Elision is pretty common in informal spoken Bulgarian, perhaps even more so than in English. (I hope I'm not misleading you about the latter, but at least that's how it seems to me.) Moreover, it's something of a feature in a lot of dialects, slang and so forth. For example, people often say things like «Айде!» and «Ма̀ни се оттука!» (instead of _хайде_, _махнѝ_).


----------



## Duya

/x/ is indeed a rather volatile phoneme in Serbia, Macedonia and western Bulgaria. However, in the case of вехне, one could argue that /x/ is a reintroduction encountered in Bulgarian (and Bosnian) -- the verb is Common Slavic which (if I remember well) didn't have that phoeme:

http://hjp.novi-liber.hr/index.php?show=search_by_id&id=f19uWxR9&keyword=venuti


> ✧ prasl. *vędnǫti (rus. vjánut', češ. vadnouti)

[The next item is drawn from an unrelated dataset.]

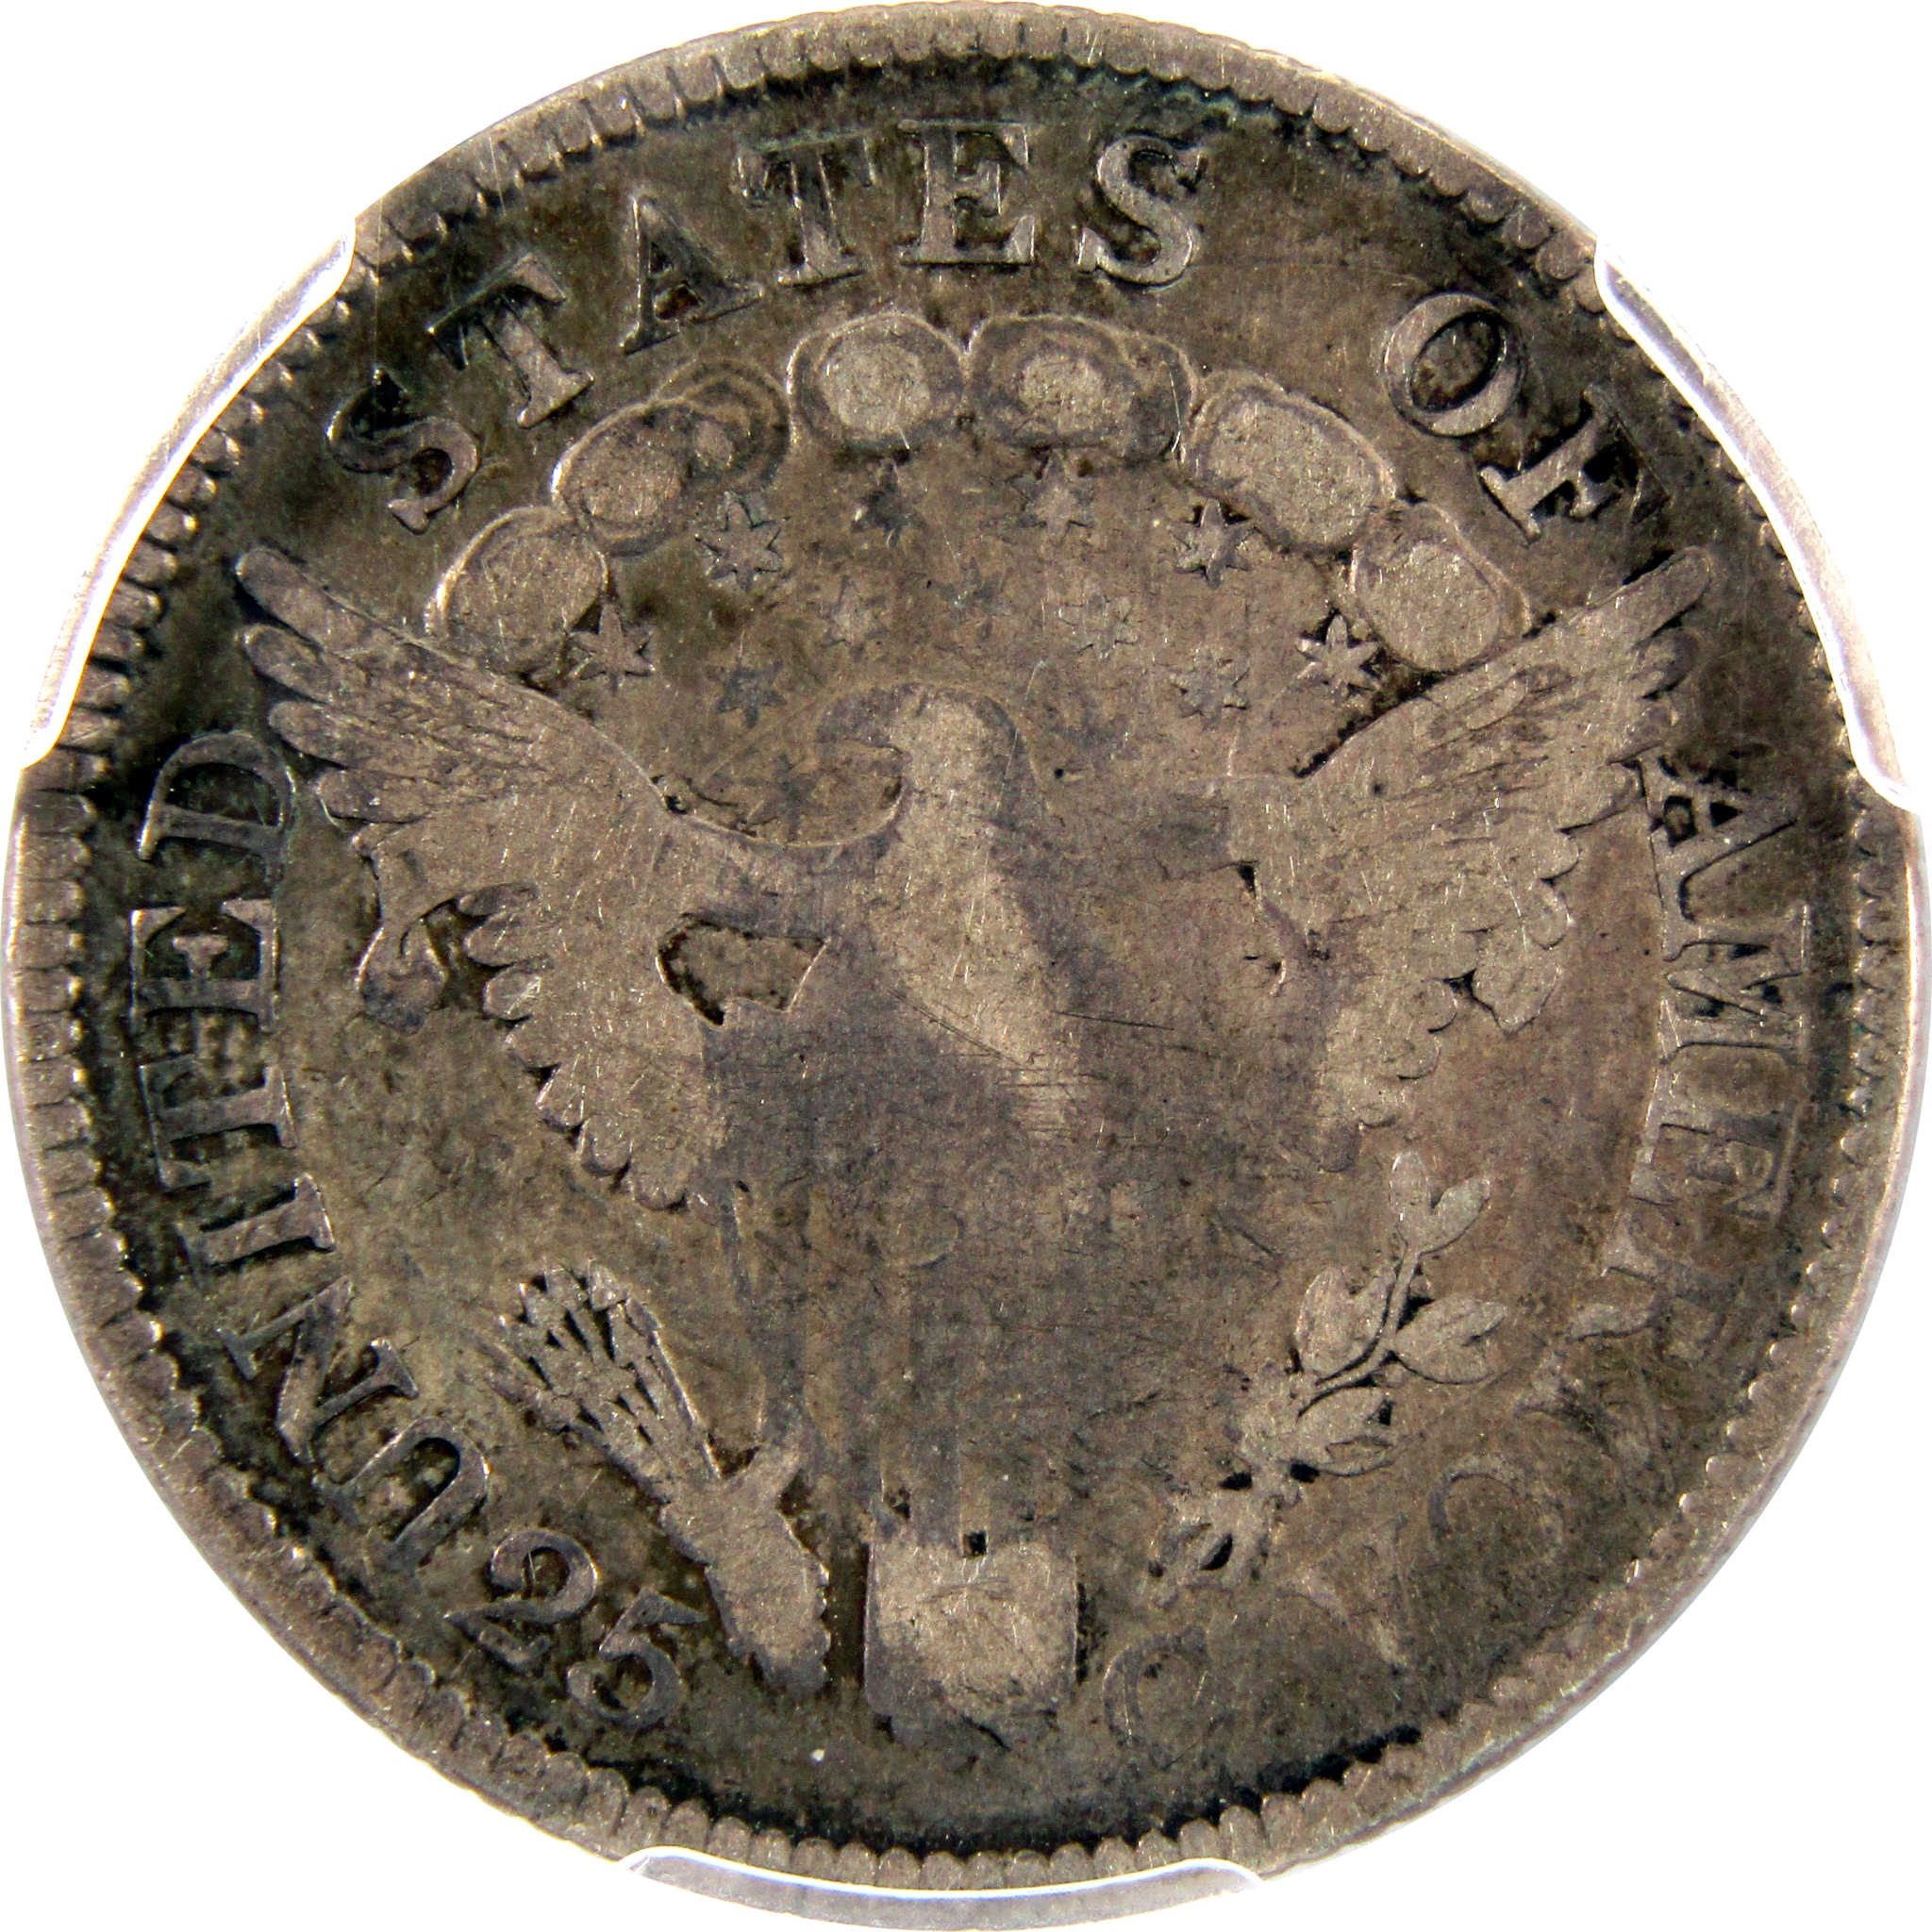 1806 Draped Bust Quarter VG 8 PCGS 89.24% Silver 25c Coin SKU:I10487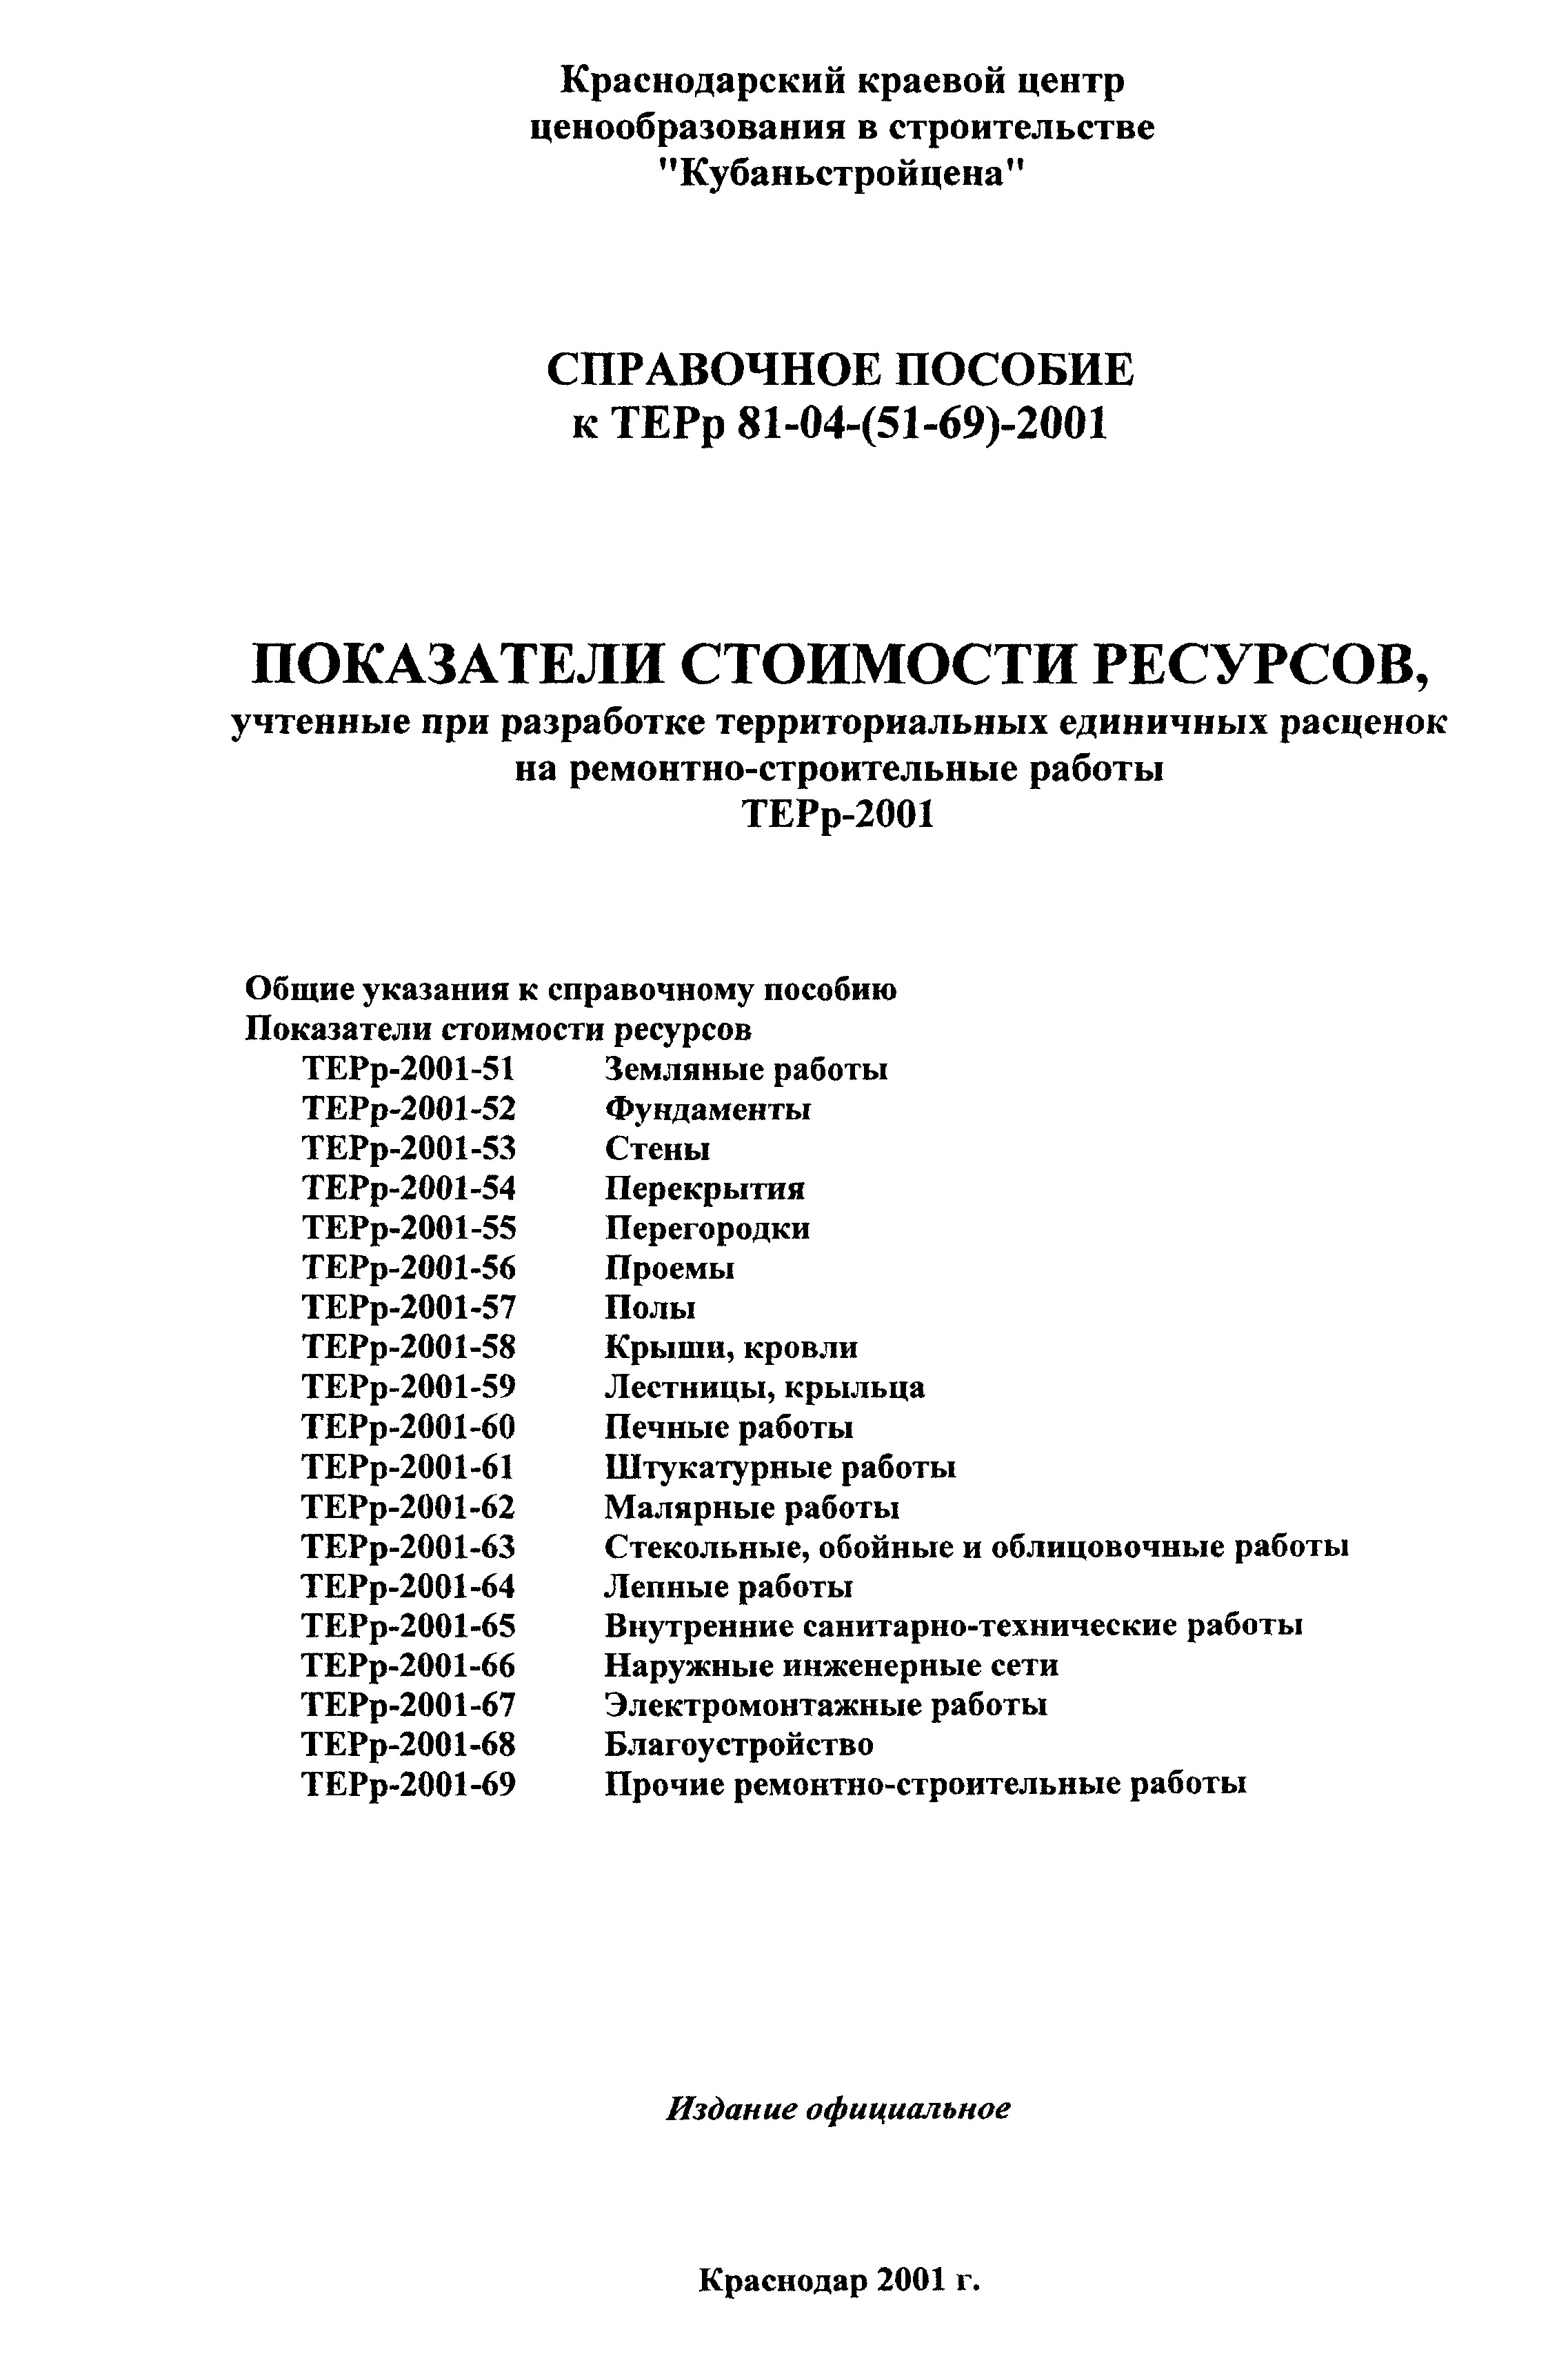 Справочное пособие к ТЕРр 81-04-51-2001

The flower is also _neven_ in BCS, by the way, and we also have male name Neven and female Nevena.


----------



## FairOaks

You could be onto something here, Duya. I didn't consider _вянуть_ at all. I must confess I haven't a clue about the origin of this inserted /x/. Now that you've got me thinking, it seems to me that _вехна_ could be some weird contamination between _вѧнѫти_ and _съхнѫти_, but this is, of course, pure guesswork on my part, so I'll stop while it's still safe. The main thing is, though, that _невехн_ sounds outright stupid and is also quite difficult to pronounce, therefore I can't imagine it as a proper Bulgarian word, regardless of the presence/absence of the phoneme /x/ in _вехна_.


----------



## Duya

FairOaks said:


> Now that you've got me thinking, it seems to me that _вехна_ could be some weird contamination between _вѧнѫти_ and _съхнѫти_



Those were my thoughts exactly


----------